Fabrication of HA solution

HA was dissolved in de-ionized water (DI water) to prepare the HA solution (hydrolyzed sodium hyaluronate, Bloomage Freda Biopharm co. Ltd., molecular weight: 200~400 kDa). The final concentrations of the HA solution used in the study were 1.0, 2.0, 3.0, and 4.0 wt%. Magnetic stirring at approximately 550 rpm at room temperature for one day, was required to obtain a homogeneous mixture of HA and DI water.

Fabrication of the microneedle mold

Commercial Derma stamp (Larcobaleno, Seoul, South Korea) was used as a master stamp for microneedle array production. The microneedles were designed with a height of 1000 µm (base width of 2000 µm and tip radius of 10 µm). PDMS (Sylgard 184; Dow Corning, Midland, MI, USA) prepared by mixing elastomer and curing agent in a ratio of 10: 1 was poured onto a master stamp. The molds were cured at 50 °C for 2 h. The PDMS mold was then separated from the stamp10,11,42.

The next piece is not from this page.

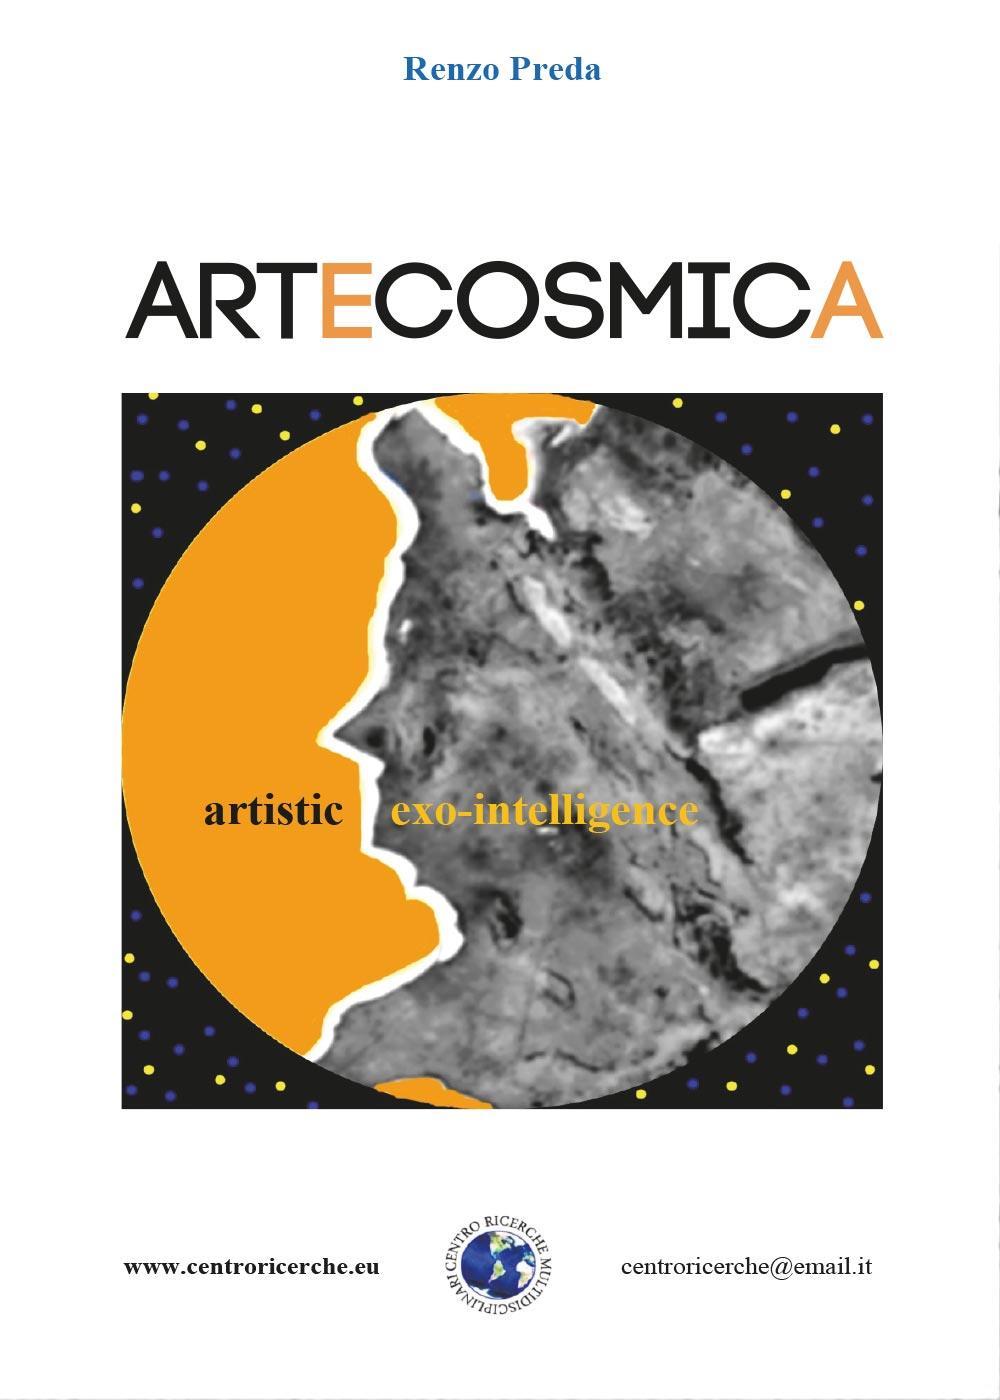 Artecosmica. Artistic exo-intelligence

Fabrication of microneedles

Rhodamine B (20 mg; >98% pure; Acros-Organics, Geel, Belgium), a water-soluble red fluorescent dye, was mixed in the HA solution. Subsequently, the HA solution (1 mL) mixed with rhodamine B was cast over the PDMS mold, and the mold was vacuum-treated for 5 min. Then, the remaining solution (1.5 mL) was cast and dried in an oven (ThermoStable ON-105; DAIHAN Scientific) for 6 h. After solidification, the HA microneedle patch was separated from the PDMS mold.

Ultrasound stimulation

Ultrasonic functions comprised 1.7 million micro-vibrations per second. The ultrasound gel (Ecosonic, SANIPIA, Republic of Korea) was applied between the transducer and gelatin to improve acoustic impedance matching.

Electrical stimulation

For the electrode in the electrical stimulation experiment, the in vitro IP system consisted of a sine wave pulse generator and a caliper electrode. The caliper electrode consisted of two plate electrodes, one with a silver paste on the microneedle patch backplate and the other with an aluminum foil under the gel. The positive electrode was always applied to the microneedle patch. The gap (3 mm) between the two electrodes was filled with gel.

In vitro drug release

Gelatin hydrogel (10 wt%; Sigma Aldrich, gel strength ~300 g Bloom, Type A) derived from porcine skin was used as the model tissue for the drug release studies11,43. The polymer membrane (Parafilm M, American National Can, Chicago, IL) was pierced with microneedles and placed on the hydrogel surface. At each timestamp, the microneedle patch was detached from the hydrogel to stop drug release. To separate the drug and the drug-diffused gelatin, the gel was dipped in a decolorizing solution (methanol:DI:acetic acid, 5:4:0.5) for ~6 h. The absorbance of the decolorized gelatin gel solution was measured.

Statistical analysis

All statistical data were analyzed by Student’s t-test for statistical significance.